Although this claim is not properly taken from the document, it exists test This shows that smartphones have an impact on course understanding and well-being – but among students, not teenagers. Melissa DiMartino, a researcher and professor at New York Tech who published this study, stated that although she did not study the effects of cell phones on adolescents, she believed her findings would only be amplified in this population

“Their brains are still developing. They are very malleable. And if you look at the research on smartphones, a lot of it mirrors research on substance addiction or other types of addictive behaviors,” she said.

She said the most difficult part of actually studying youth, as the titles of the fake state-led studies suggest, is that researchers must get permission from schools to conduct research on students.

The department updated the document online Friday after multiple inquiries from the Alaska Beacon about where the sources came from. The updated reference list replaced a citation from a defunct article in the over 100-year-old Journal of Educational Psychology with a real article from the Malaysian Online Journal of Educational Technology.
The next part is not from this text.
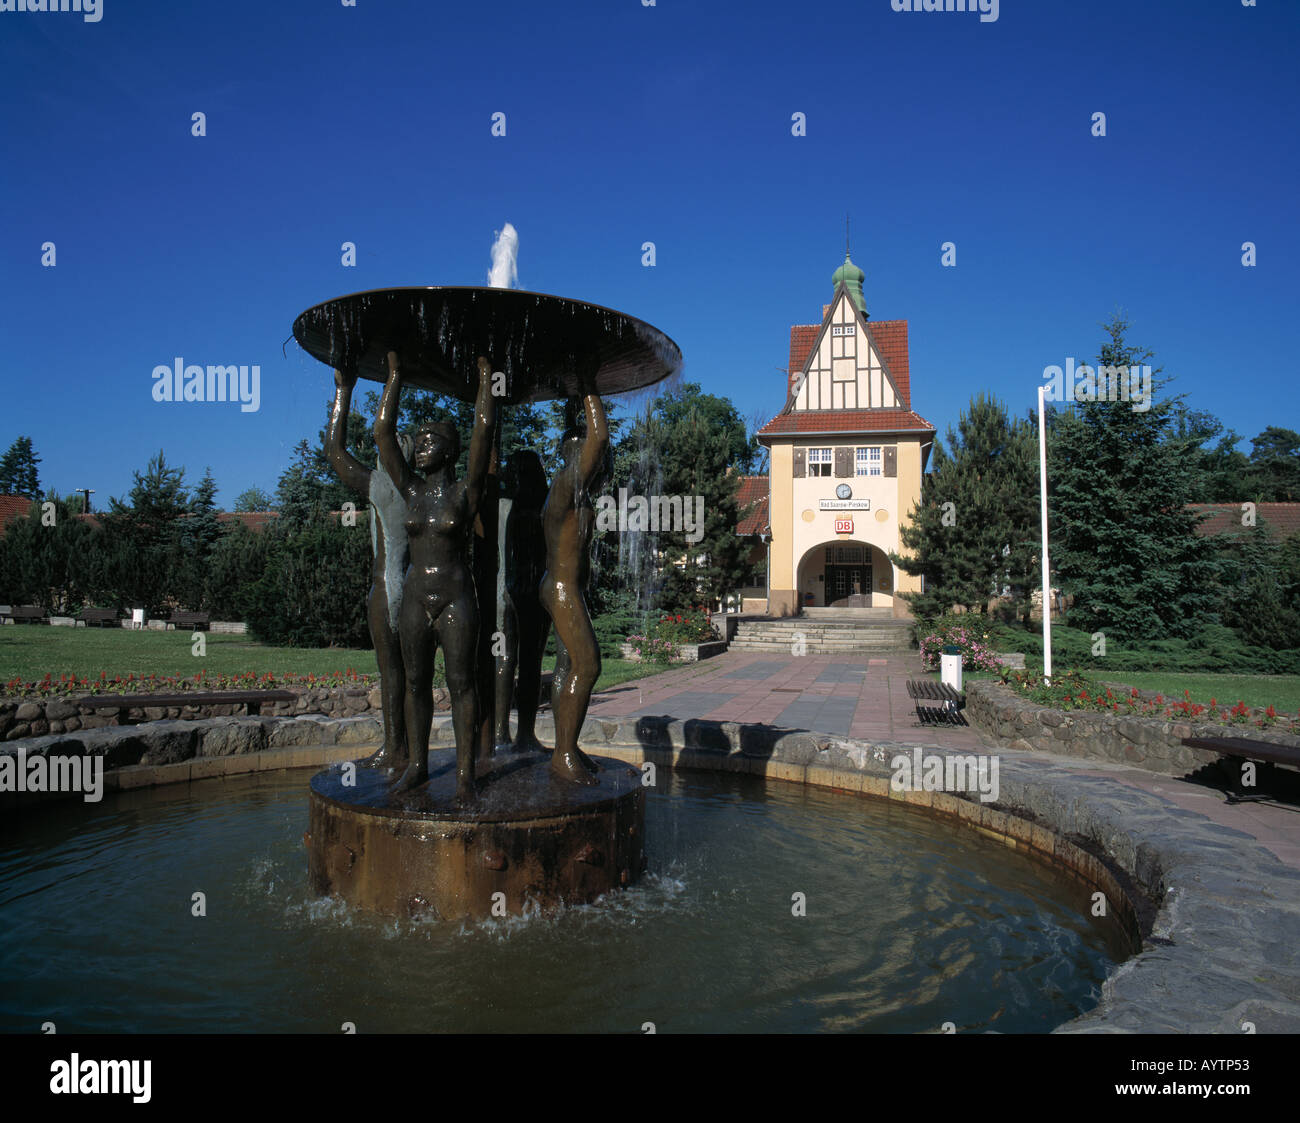 Springbrunnen mit Brunnenfiguren vor dem Bahnhofsgebaeude in Bad Saarow-Pieskow, Scharmuetzelsee, Brandenburg Foto Stock

Bishop said there was “nothing nefarious” about the errors and the incident did not cause any noticeable damage.

But the fake quotes show how AI disinformation can influence state policy – ​​especially if high-level government officials use the technology as an editorial shortcut that creates errors that end up in public documents and official resolutions.

A statement from a Department of Education spokesman suggests that the use of such “placeholders” is not unusual for the department. This type of error can be easily replicated if the placeholders are typically AI-generated content.

Pavlick, the artificial intelligence expert, said the situation points to a broader consideration of where people get their information and the spread of misinformation.

“I think there’s also a real problem, especially when people in power take advantage of it, because of this kind of degradation of trust that already exists, right?” she said. “Once a few times information is revealed to be false, whether intentionally or not, it is easy to dismiss everything as false.”

In this example, scientific articles – long-accepted forms of supporting arguments with research, data and facts – are being questioned, which may undermine the extent to which they remain a trusted source.

“I think a lot of people think the same way about AI as a substitute for search because it seems similar in some ways. It’s like they sat at a computer and typed something into a text box and got the answers,” she said.

She pointed to a legal case from last year where a lawyer used an artificial intelligence chatbot to write a lawsuit. The chatbot cited false cases, which the lawyer then used in court, prompting the judge to consider disciplining the lawyer. Pavlick stated that these errors reminded her of what happened in the DEED documentary.

She said it was disturbing that the technology had become so widely used without a corresponding increase in public understanding of how it works.

“I don’t know whose responsibility it really is – it probably falls more on us, the AI ​​community, right, it’s better to educate because it’s hard to blame people for not understanding, for not realizing that they have to treat it varies from other search tools and other technologies,” she said.

She said increasing skills in using artificial intelligence is one way to avoid misuse of the technology, but there are no widely recognized best practices on how this should be done.

“I think we’re going to see some examples of this type of situation escalate so that the whole country and the world will become a little more concerned about the effects of this situation,” she said.

Editor’s note: This story is republished with permission from the Alaska Beacon.